B-50 was used by the following RAF units, and as a marshalling and assembly area for transport units for elements of the First Allied Airborne Army during Operation Varsity in March 1945.

- No. 184 Squadron RAF, 4–15 September 1944 (Hawker Typhoon IB)
- No. 226 Squadron RAF "Sussex Missions" (No. 137 Wing RAF), 17 October 1944 – 22 April 1945 (Mitchell II)
- No. 88 (Hong Kong) Squadron RAF (No. 137 Wing), 17 October 1944 – 6 April 1945 (Douglas Boston III & IV)
- No. 342 (GB I/20 'Lorraine') Squadron RAF "FAFL Groupe Lorraine" (No. 137 Wing), 17 October 1944 – 22 April 1945 (Douglas Boston III & IV, Mitchell II)
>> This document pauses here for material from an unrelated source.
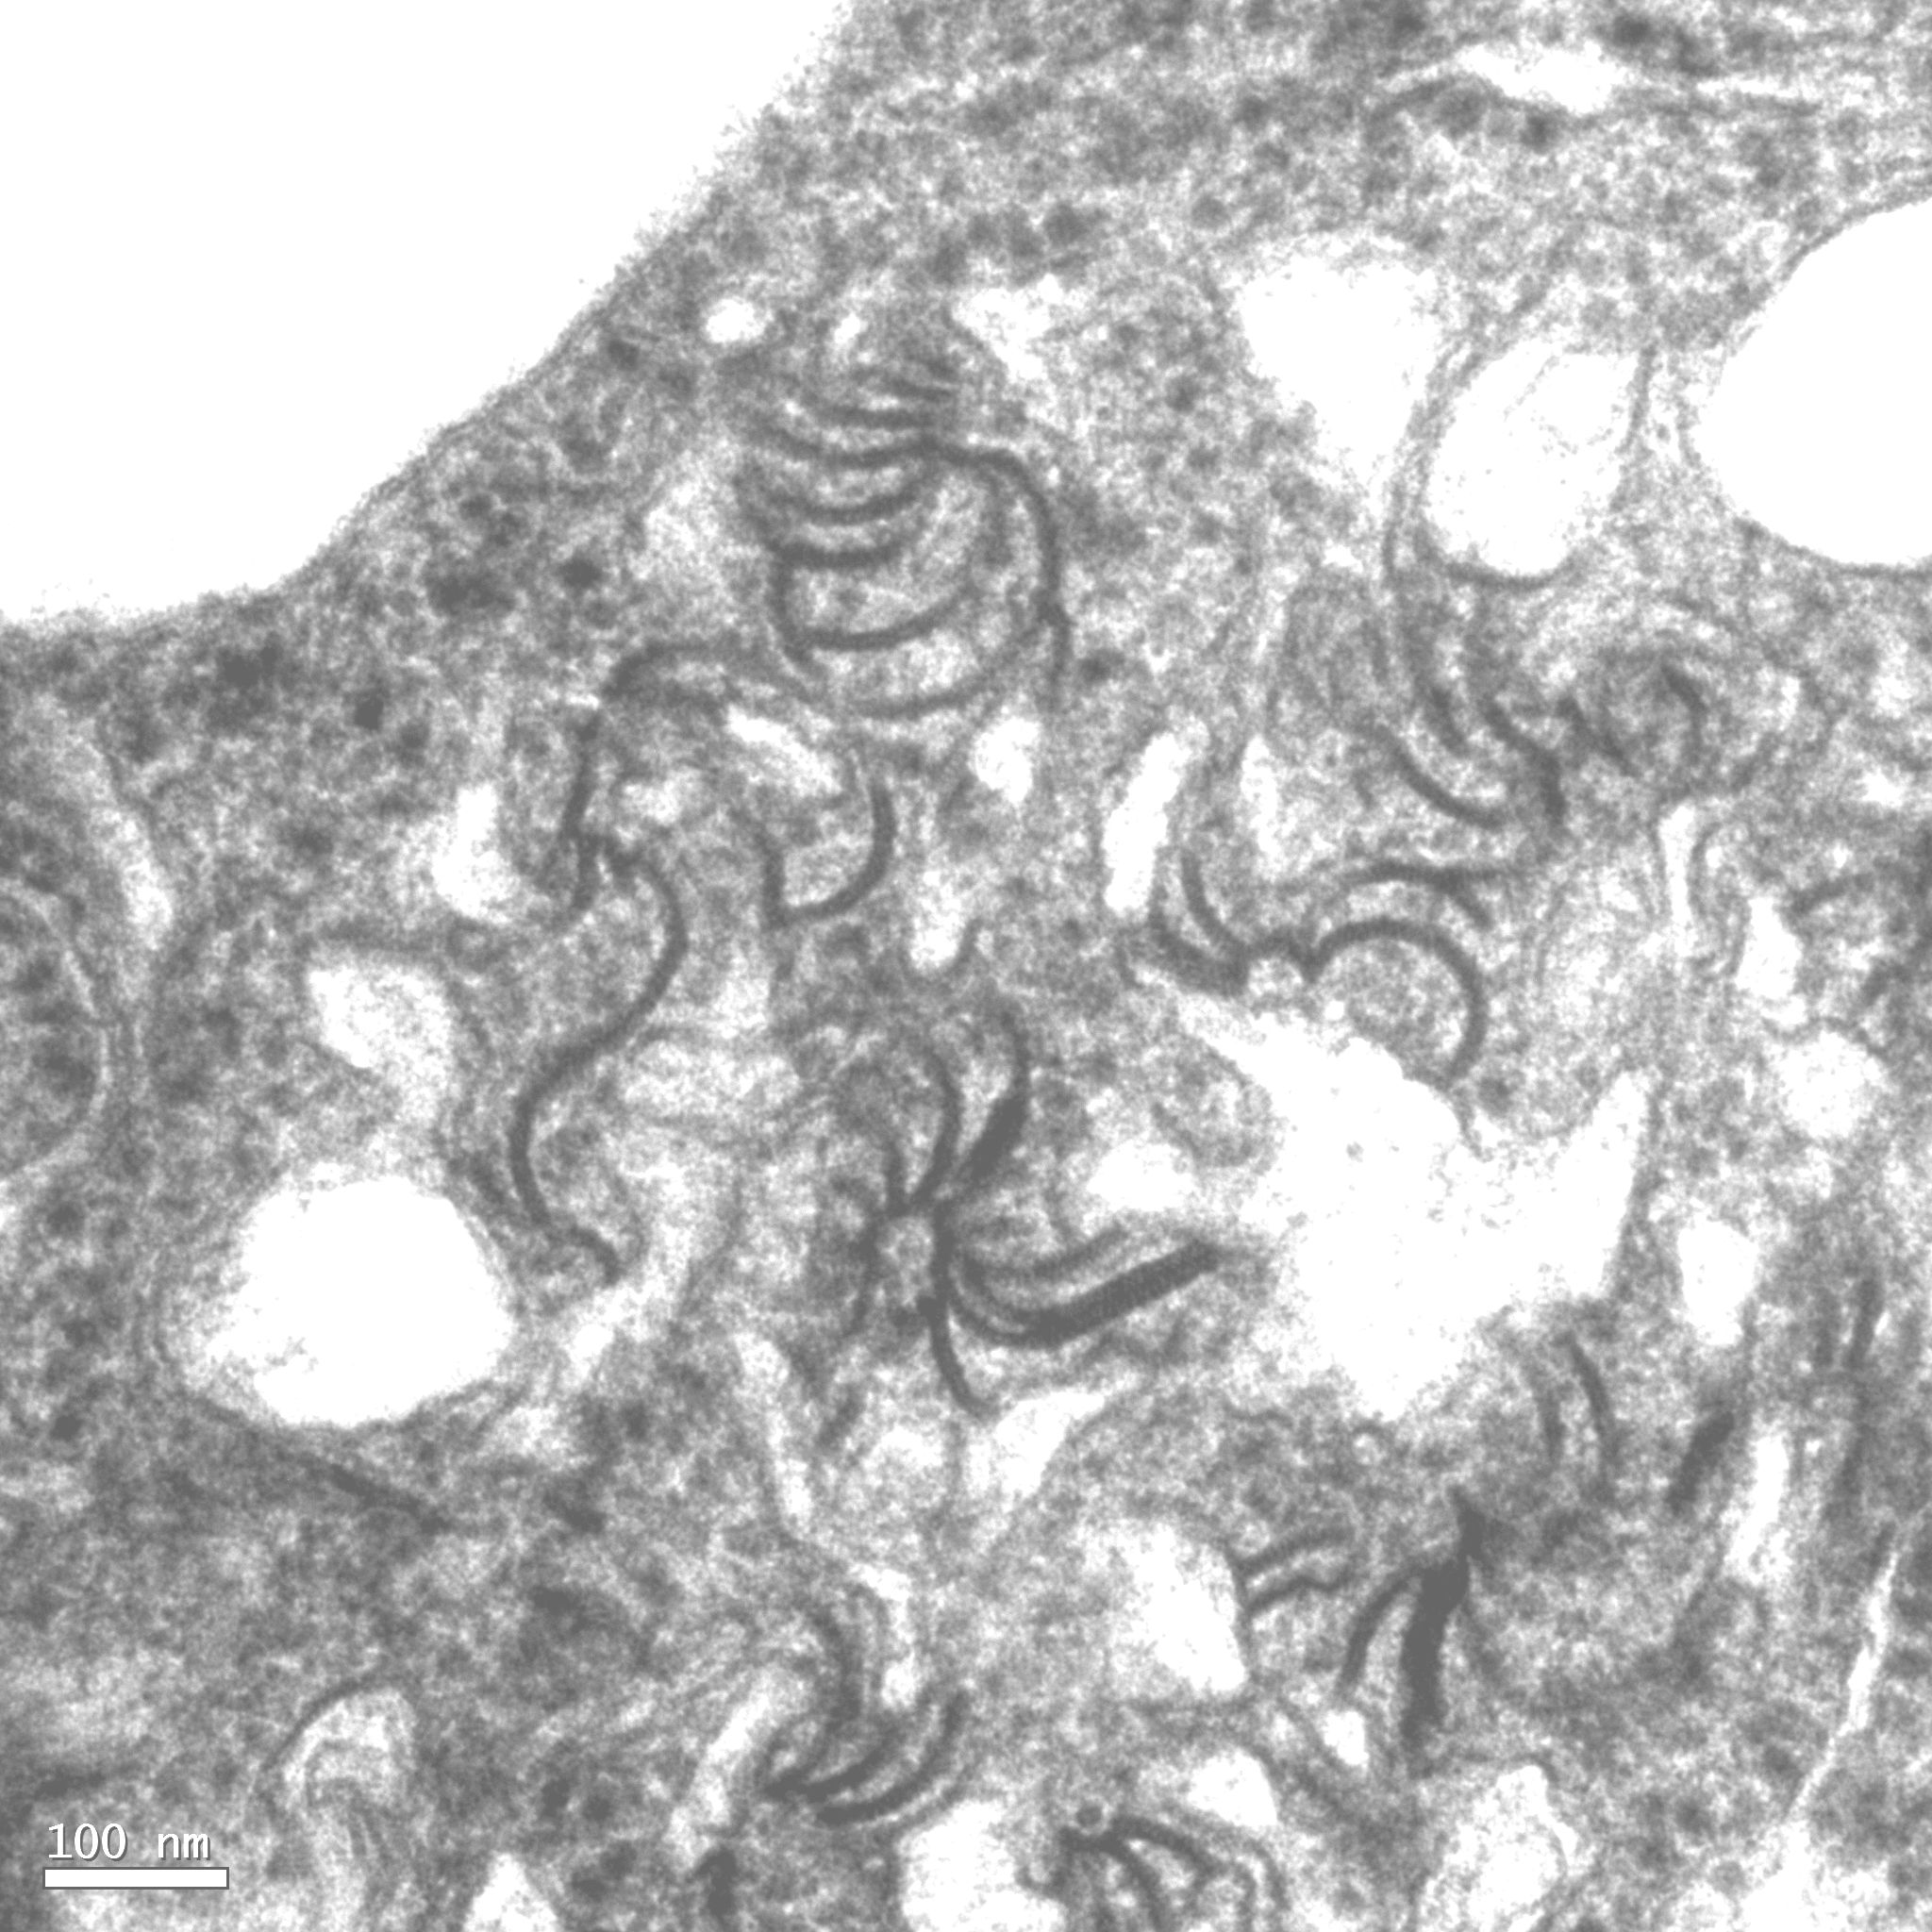 <p><b><p>Secções ultra-finas de folhas de gloriosa, naturalmente infectada, mostrando inclusões lamelares (LI) e alguns cata-ventos (“pinheels”) típicos de infecção causada por <em>Potyvirus</em>.</p></b></p><p>Autor: E.W. Kitajima</p>

With the war ended, it was also used as a storage area for surplus allied (mostly American) aircraft after the war by Air Technical Service Command.
Vitry-en-Artois was returned to French control on 18 December 1945.

===Postwar===
In French control after the war, the airfield sat abandoned for years. There was much unexploded ordnance at the site which needed to be removed, as well as the wreckage of German and Allied aircraft. All of the buildings at the base were destroyed by the Allied air attacks or demolition, and although some had been repaired, most were in ruins. The French Air Force wanted nothing to do with a Nazi airfield on French soil, and as a result, the Air Ministry leased the land, concrete runways, structures and all, out to farmers for agricultural use, sending in unexploded ordnance teams to remove the dangerous munitions.
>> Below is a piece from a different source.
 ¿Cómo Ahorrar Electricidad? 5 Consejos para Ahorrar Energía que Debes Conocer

Eventually the facility was cleared of much of the rubble and ruins of the German airfield. Concrete taxiways, parking ramps and dispersal pads were removed and turned into hardcore aggregate, eventually clearing the land which was leased to farmers for agricultural fields. Relics of both wartime runways still exist, and single-lane agricultural roads are the remains of some of the former taxiways. The runways are still littered with bomb craters, now grown in by soil and grass and other vegetation.

At some time in more recent years, a small General Aviation airfield was established south of the wartime air base, along the D950. It had minimal facilities, and no connection to the wartime field. On 8 March 2024 this airfield was closed, allowing development of a wind-turbine farm.

In the autumn of 2025, a new runway 18/36 was created, solely for use by ultralight aircraft.